RHN 138/2023 | Call
Organisers: Luminiţa Gătejel, Merve Neziroğlu, Timm Schönfelder
2–4 May 2024, GWZO Leipzig, Germany
Deadline for submissions: 31 January 2024
Call for Papers:
Assessing the fluvial Anthropocene. Agency, materiality and culture in Eastern European hydroscapes
International Conference
The conference invites scholars from all disciplines to focus on human and non-human agency within cultural practices as they are determined by the materiality of water in a planetary age.
The world’s waters act as a powerful historical force in their own right, Nicholas B. Breyfogle and Mark Sokolsky recently stressed in their Readings in Water History (2020). This focus on materiality that puts the predominance of human agency into question has become a strong interest in historiography, with a variety of related transdisciplinary paradigms on offer like nature-culture, envirotechnical systems, or socio-natural sites. They creatively frame societal changes and anthropogenic constants through time, in rare cases even offering a longue-durée perspective that leads from antiquity to the Anthropocene. In this supposed ‘age of humans’, whose agency is now seen as a geophysical force, water has become ever more coveted as a commodity with conflicts ensuing over its accessibility all across the globe. Here, much is still to be learned about water management in a diachronic approach that contrasts the ideas and ideals of empires, nation states and international institutions through (proto-)capitalist and socialist regimes in a world connecting.
With regard to Central Eastern, Eastern, and Southeastern Europe, the underlying legal, geopolitical, economic and ecological entanglements have caught the attention of scholars. This is also at the heart of the project Contested Waterway. Governance and Ecology on the Lower Danube, 1800–2018, which is the main sponsor of this conference. As discussed by Jens Ivo Engels and Julia Obertreis – among others – already in 2007, the “unique dual character as a resource and (transportation-)infrastructure” of water is a prerequisite to exercising power and control over local populations, curtailing their explicit agency. While such processes do not happen in a sociopolitical vacuum, it is the concrete materiality of water that has shaped fundamental ideologies of rule to a large degree. High-modernist engineering-cultures have since nurtured dreams of total control over space and nature, creating problematic path dependencies in the process. Such obtruding acts of spatialization do not only affect everyday practices of labor but also of leisure in shaping ways protagonists perceive their environment. By enacting shifts in aquatic regimes through specific “technologies of fixing” (Bhattacharyya, 2018) that assert claims to power through property rights and infrastructure, humans set the stage for a circular relationship in acting upon and reacting to the environment.

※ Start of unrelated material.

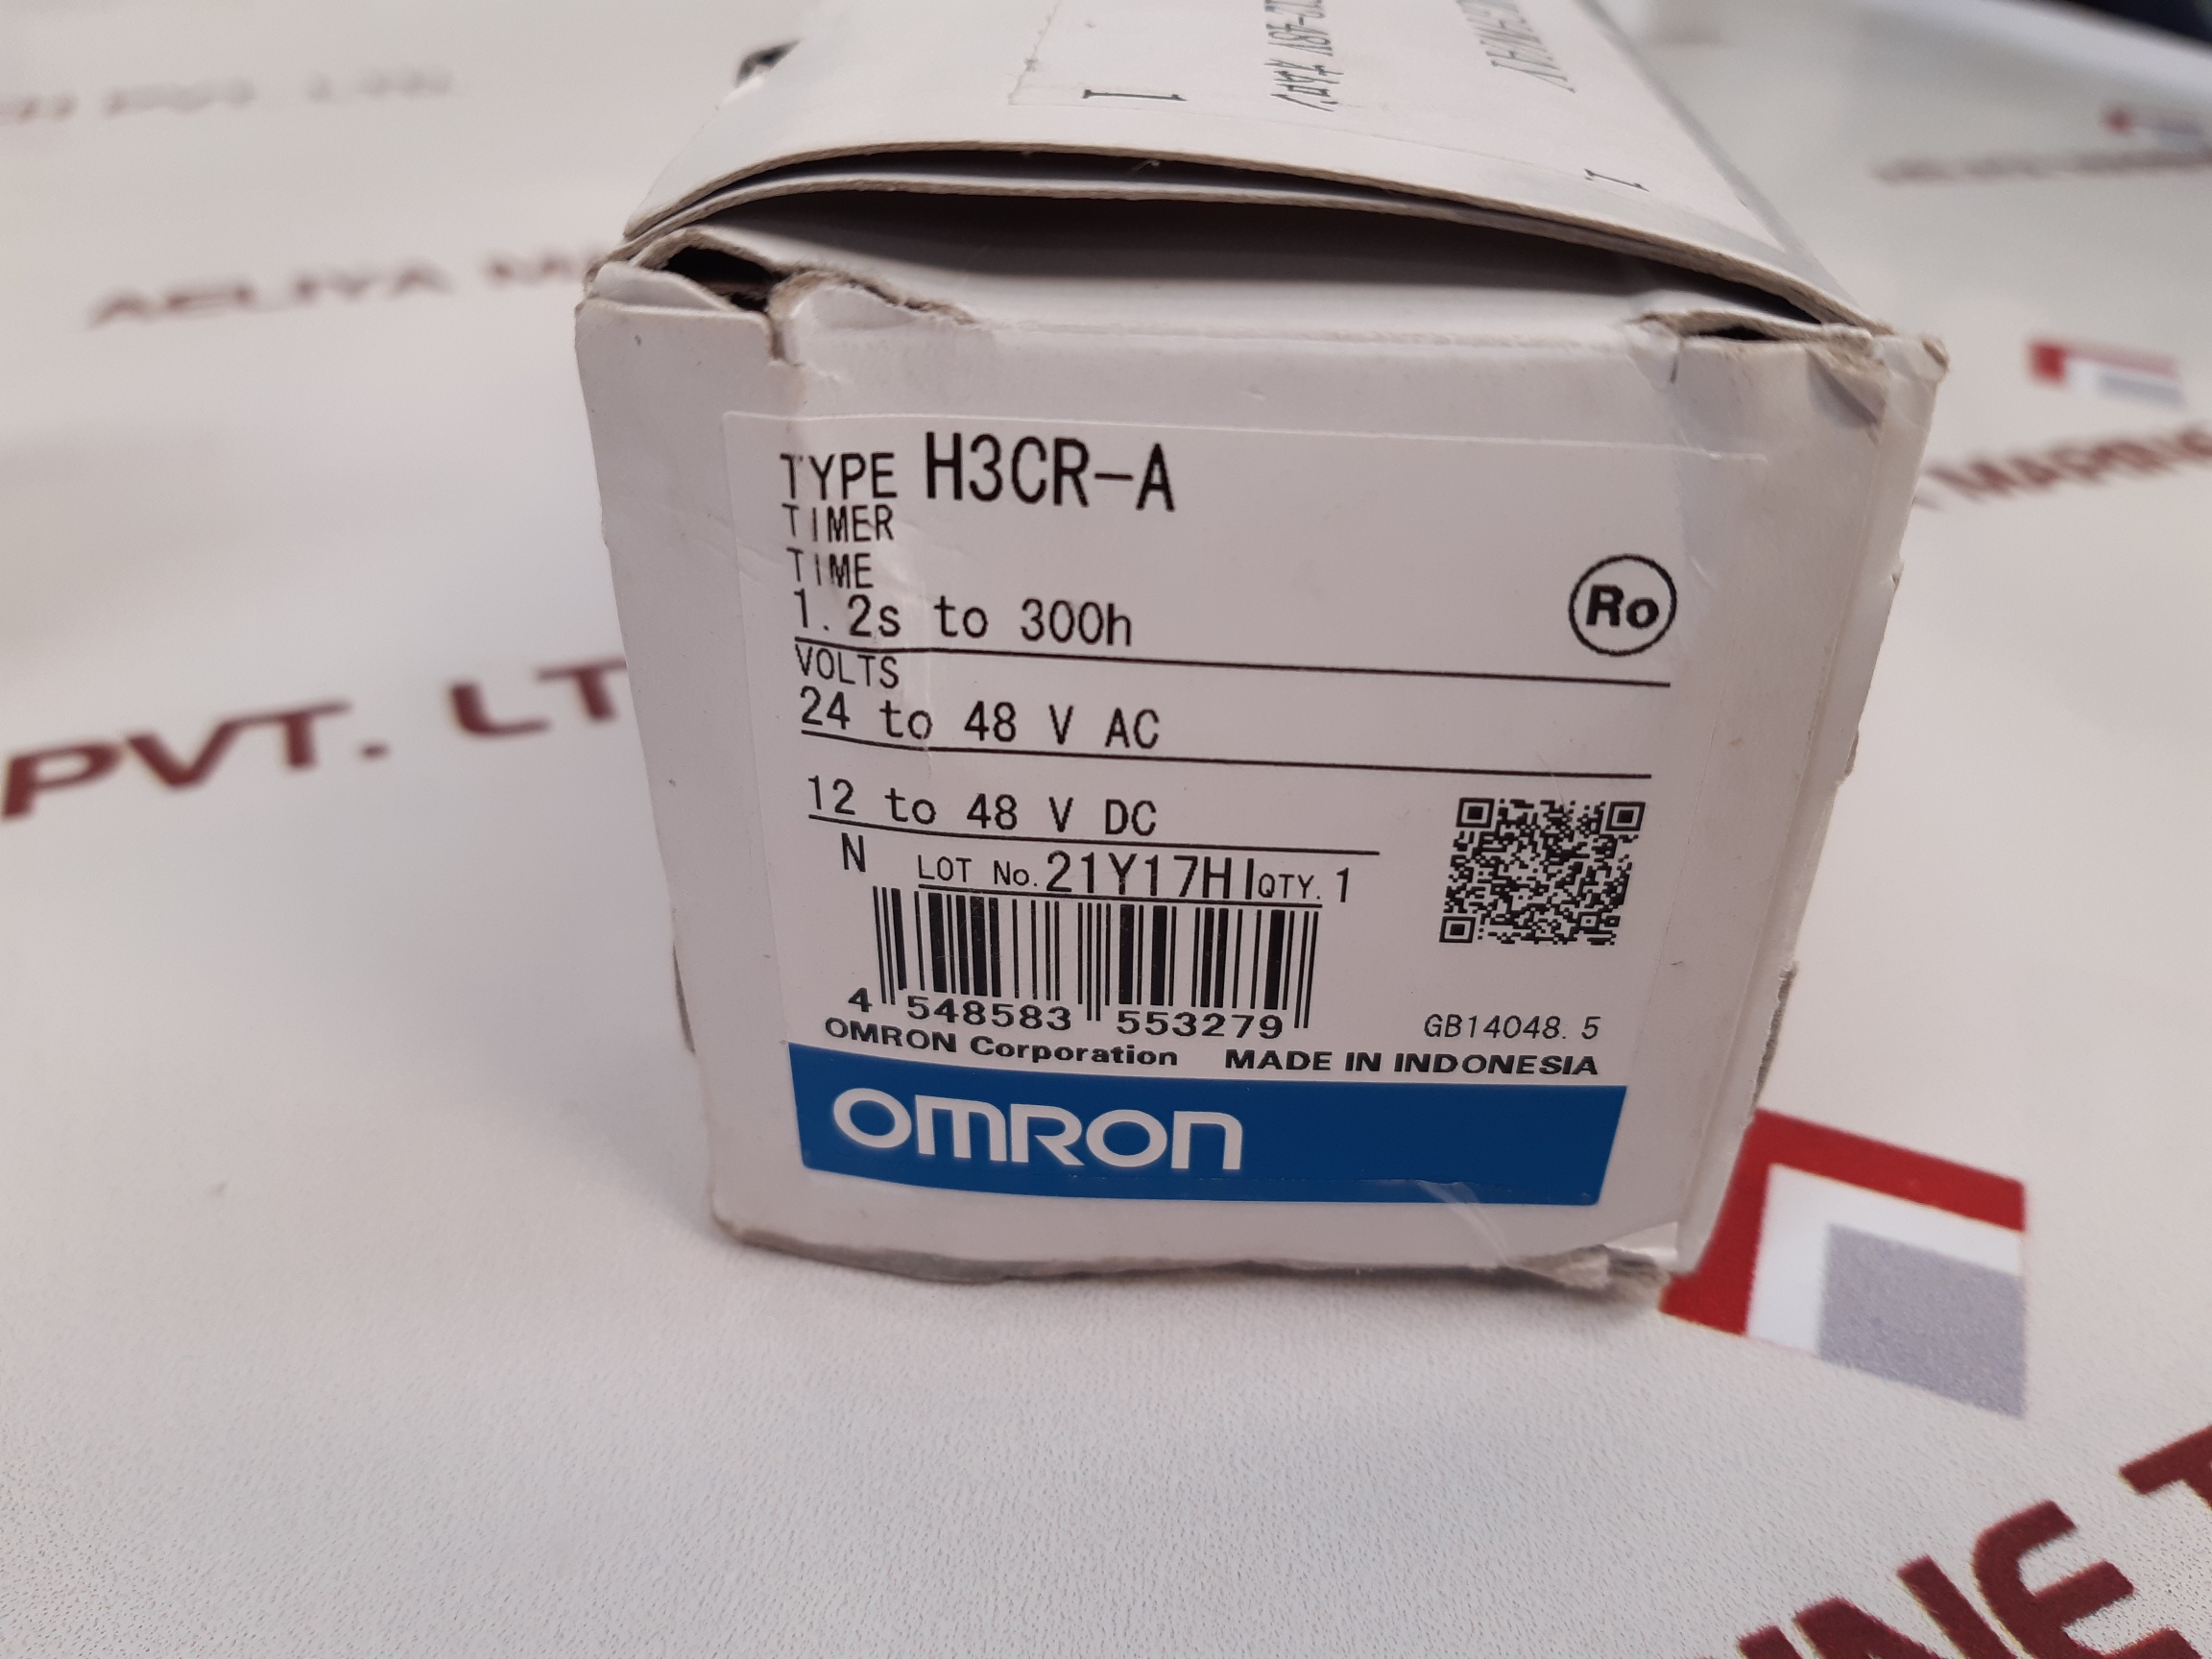 OMRON H3CR-A SOLID-STATE TIMER 1.2S TO 300H

Thus, the conference invites scholars from all disciplines to focus on human and non-human agency within cultural practices as they are determined by the materiality of water in a planetary age.
Possible topics may include, but are not limited to:
- Socio-political implications of hydro-infrastructures
- Transboundary flows of water and their management
- Gendered practices in power relations through time
- Urban-rural dichotomies in water usage and leisure
- Longue-durée evolutions and short-term catastrophes
- Eco-economic tensions between exploitation and restoration
Please send an abstract of about 300 words along with a short bio-note to timm.schoenfelder@leibniz-gwzo.de until January 31, 2024. Notifications of acceptance should be expected by mid-February.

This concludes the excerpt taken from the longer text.